Je crois que ce serait une illusion d’optique. Faites l’addition AfD (10,3%) + CDU/CSU (24,1%) + FDP (11,5%) : on est à 45,9% des voix ; mettez en face le SPD (25,7%) + les Verts (14,8%) + Die Linke (4,9%) : on est à 45,3%. Donc deux blocs égaux si on regarde uniquement le clivage droite/gauche. En siège, vous avez même 371 pour une coalition de droite et 363 pour une coalition de gauche. Le problème est cependant le même qu’en France : la CDU et le FDP ne veulent pas gouverner avec l’AfD. Et le FDP va même faire des contorsions pour être au gouvernement avec deux partis de gauche !  

Quel bilan tirez-vous des seize années d’Angela Merkel à la chancellerie ?

Je fais partie des rares observateurs en France qui pensent que Madame Merkel a un très mauvais bilan pour l’Allemagne et pour l’Europe. À force de répéter « Il n’y a pas d’alternative » et de refuser le débat politique, elle a passé les trois quarts de son temps au pouvoir en Grande Coalition. Derrière les apparences d’un consensus, elle a gouverné en fait de manière très idéologique, comme le montre l’abandon du compromis de Gerhard Schröder avec les Verts sur une sortie partielle du nucléaire ; ou l’ouverture totale des frontières aux réfugiés de Syrie et aux migrants opportunistes qui se sont engouffrés dans la brèche à l’automne 2015. Madame Merkel porte une responsabilité directe, de ce fait, dans les attentats de novembre 2015 à Paris, puisque trois des terroristes sont passés par l’Allemagne à cette occasion.

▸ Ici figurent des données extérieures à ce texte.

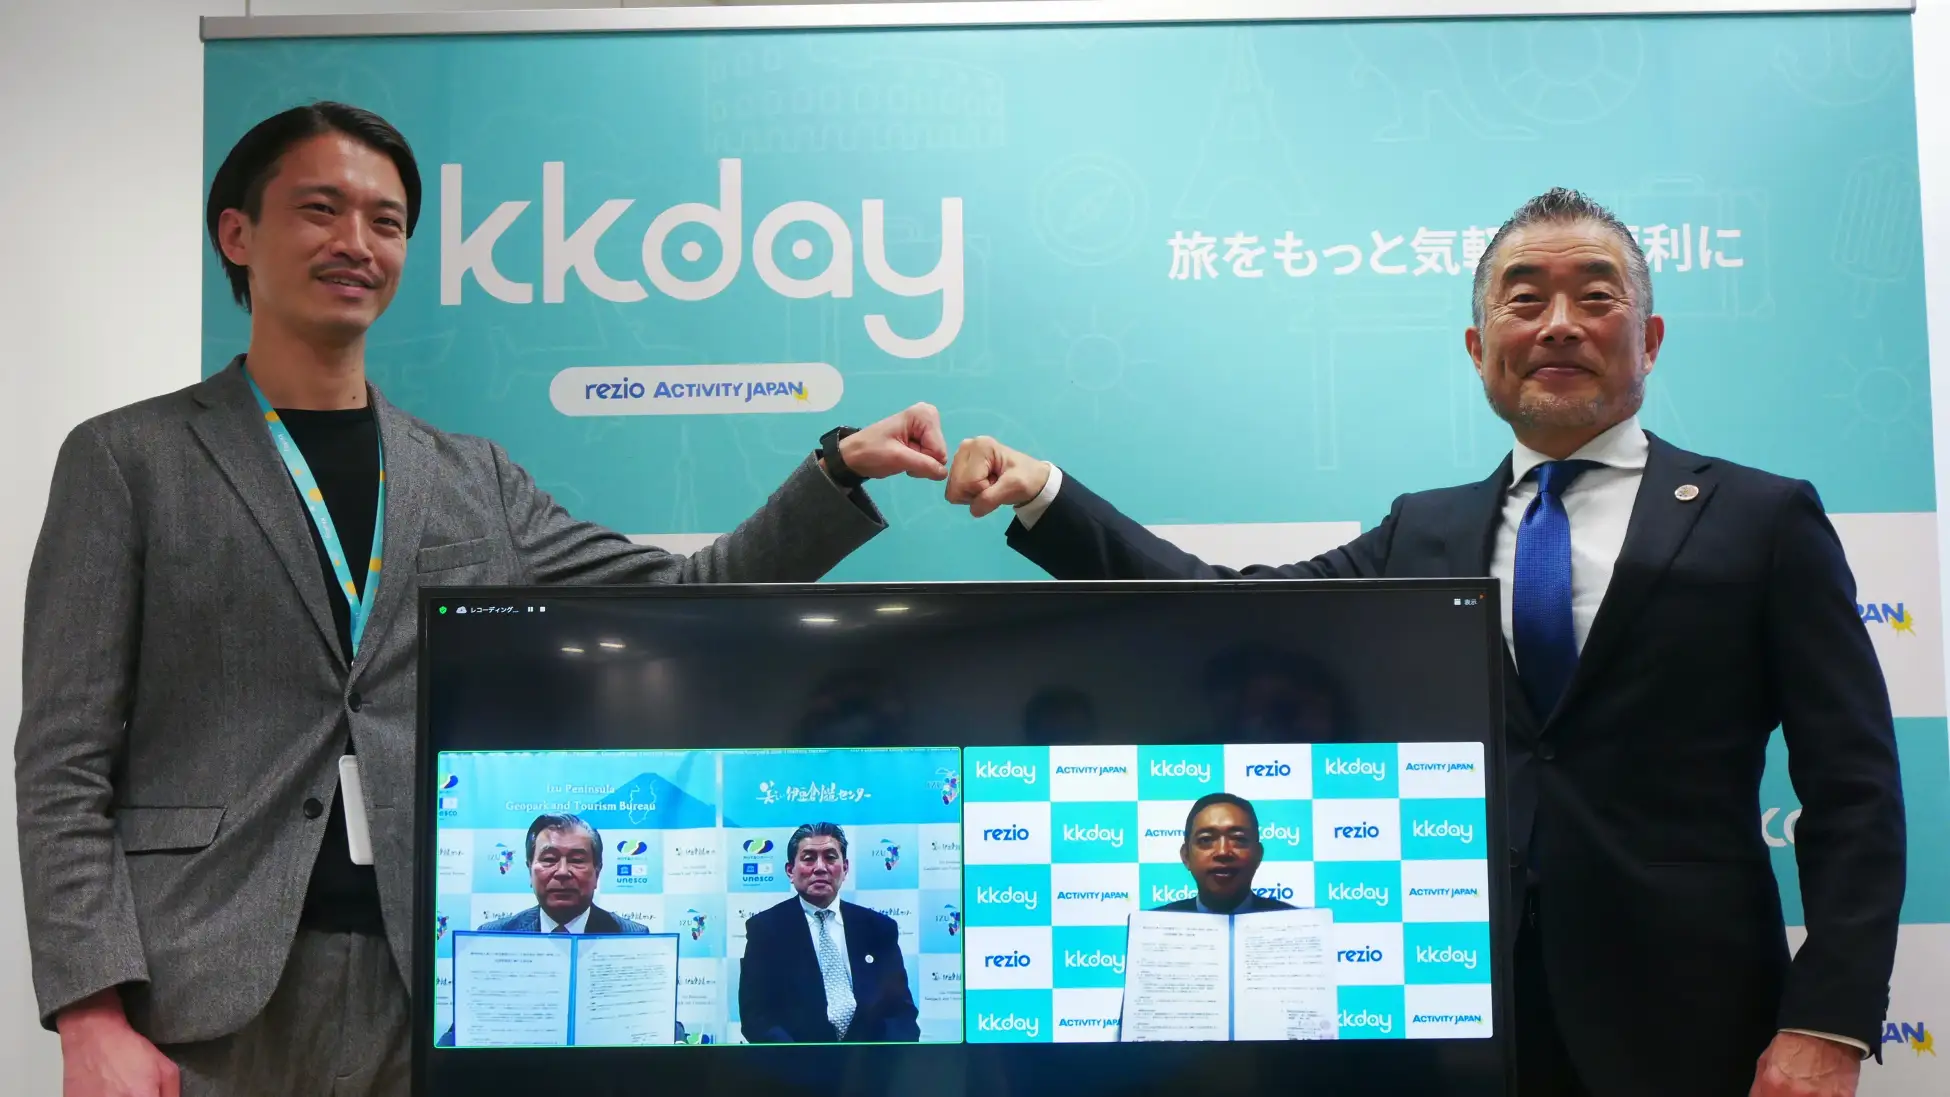 静岡新聞にて、KKdayと「美しい伊豆」の連携協定に関する記事が掲載されました

Merkel correspondait à un moment où les Allemands voulaient se persuader que l’histoire était finie. Le Brexit, l’élection de Trump, la crise des Gilets jaunes leur font prendre conscience que l’histoire se réveille

Avec elle, aucun progrès n’a été fait dans la relation franco-allemande : elle a été houspillée par Nicolas Sarkozy en permanence, que ce soit pour se modérer vis-à-vis de la Russie ou pour réagir face à la crise de 2008. François Hollande n’a jamais osé la contredire ; quant à Emmanuel Macron, elle l’a peu pris au sérieux puisqu’elle ne lui pas accordé un budget de la zone euro, avant de redéfinir aux conditions allemandes le cadre d’un « plan de relance européen », qui concerne toute l’UE. Ce n’est pas qu’avec la France que madame Merkel a manqué le coche. La gestion allemande de la crise grecque de 2010-2015 a accéléré l’émergence d’un véritable Mezzogiorno de la zone euro. Angela Merkel a été incapable de modérer les Ukrainiens de l’Ouest en 2013-2014 puis de faire respecter les Accords de Minsk, lancés par la France et la Russie. Elle n’a pas voulu entendre David Cameron quand il annonçait la possibilité du Brexit puis, en refusant de prendre parti entre les partisans d’un « Brexit punitif » et ceux d’un « Brexit négocié », elle a fait durer inutilement la négociation.

Pourquoi me direz-vous alors, est-elle restée populaire ? Elle correspondait à un moment où les Allemands voulaient se persuader que l’histoire était finie. Le Brexit, l’élection de Trump, la crise des Gilets jaunes leur font prendre conscience que l’histoire se réveille. Et le résultat de l’élection de 2021 signifie avant tout que les Allemands voudraient une personnalité capable de tenir le gouvernail à la Chancellerie. C’est pourquoi Olaf Scholz tient la corde.